THE UK has a desperate need for growth. But while many of the means of reaching this goal – tax reform, for instance – are controversial, the need for innovation is widely accepted. Economic evidence clearly demonstrates that a key driver of growth is the development and adoption of innovative products and services.
A natural question would be to ask what government can do to boost high-potential ventures and their financiers. When we look at the world’s great hubs of entrepreneurial activity – Silicon Valley, Singapore, Tel Aviv, and Bangalore – the stamp of the state is unmistakable. But for each effective intervention, there are hundreds of disappointments.
You might conclude that state support is a casino – making bets, with few guarantees of an attractive return. The truth, however, is more subtle. When you examine abandoned efforts to promote entrepreneurial activity, failure was mostly predictable. These efforts had a shared set of flaws in their design, and were doomed from the start.
This can be understood by unpicking the rationale behind government efforts to stimulate entrepreneurship. This rests on two pillars. First, technological innovation spurs economic growth. Second, academic research has highlighted the role of entrepreneurship and venture capital in stimulating innovation. They have a set of tools that are well-suited to the task of nurturing high risk new ideas. If that were all there was to it, there would be a compelling case for public involvement. But the case for intervention rests on a third leg: the argument that governments can effectively promote entrepreneurship and venture capital. This is a much shakier assumption.
Yes, entrepreneurial markets have features that suggest there is a role for government in encouraging their evolution. Put simply, it is easier to be a start-up founder if there are ten other entrepreneurs nearby. Here, government can play a role as a catalyst.
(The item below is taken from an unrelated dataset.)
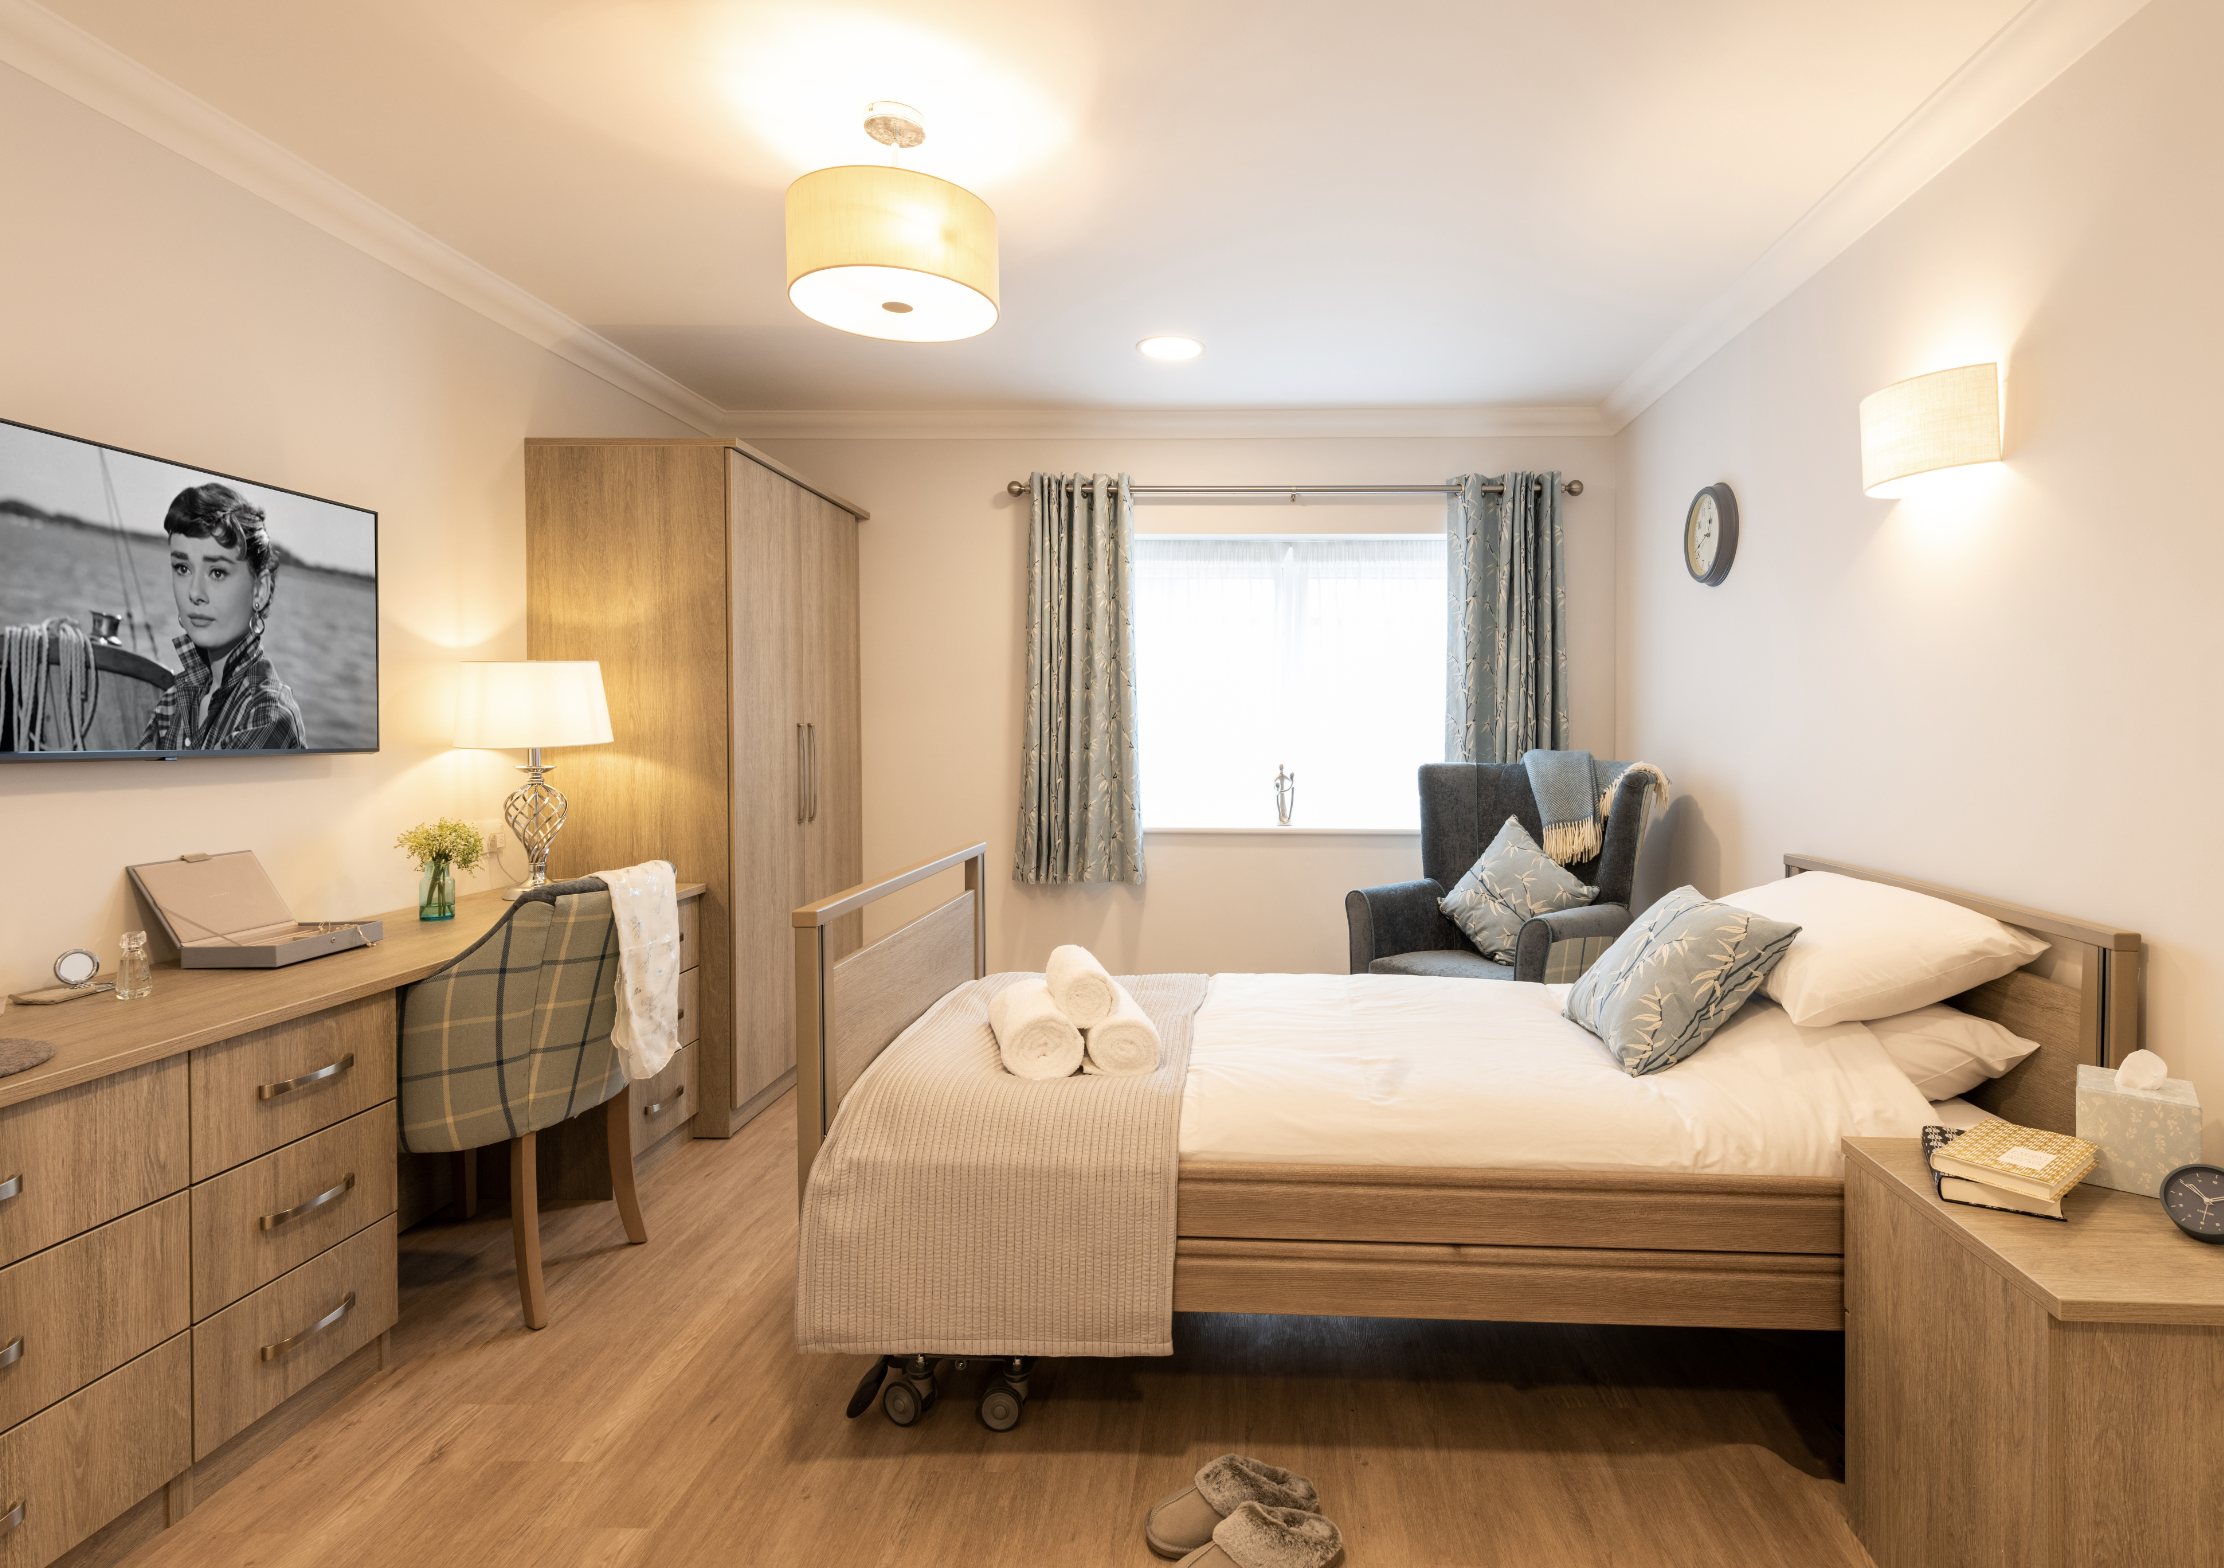 Bedroom of Chestnut Manor care home in Wanstead, London

But there are two major problems. First, governments simply get it wrong: allocating funds and support in an inept or counter-productive manner. There is also the problem of regulatory capture. Private and public sector entities often organise to capture subsidies handed out by the public sector. Programmes geared towards helping nascent enterprises may end up boosting cronies of the nation’s rulers.
So how can you overcome this? Crucially, it’s necessary to ensure that entrepreneurship is itself an attractive option. Often, in their eagerness to get to the fun part of handing out money, public leaders neglect the importance of setting the table, or creating a favourable environment.
Such efforts have several dimensions. Ensuring that ideas can move easily from universities and government laboratories is important. And Britain is doing a lot to encourage this. But many entrepreneurs come from corporate positions, not academia. And Studies have documented that the attractiveness of entrepreneurial activity for these individuals is sensitive to tax policy. Education is also critical. Creating training opportunities for mid-career professionals can pay dividends.
This doesn’t mean that government can’t intervene directly in the entrepreneurial process. But these efforts must be designed thoughtfully – to be sensitive to the market’s dictates. Governments must avoid the pitfalls that befall many public initiatives. One common problem is to ignore the realities of the entrepreneurial process. Many initiatives are abandoned after a few years, for instance. The programmes’ authors apparently do not understand that initiatives take years to bear fruit. Some add requirements that seem reasonable from a public policy perspective, but run counter to the nature of business. In other cases, programmes are too tiny to have any impact or so large they swamp already-existing funds.
But most frequently, governments create programmes that ignore what the market can support. Far too often, officials seek to encourage funding in industries or regions where private interest simply doesn’t exist. Whether driven by political considerations or hubris, the result is waste. The only effective way to solve this is by demanding that credible private sector players provide matching funds. Only in cooperation with private initiative can public support for entrepreneurship work.
Josh Lerner is Jacob H Schiff professor at Harvard Business School, and the author of The Architecture of Innovation.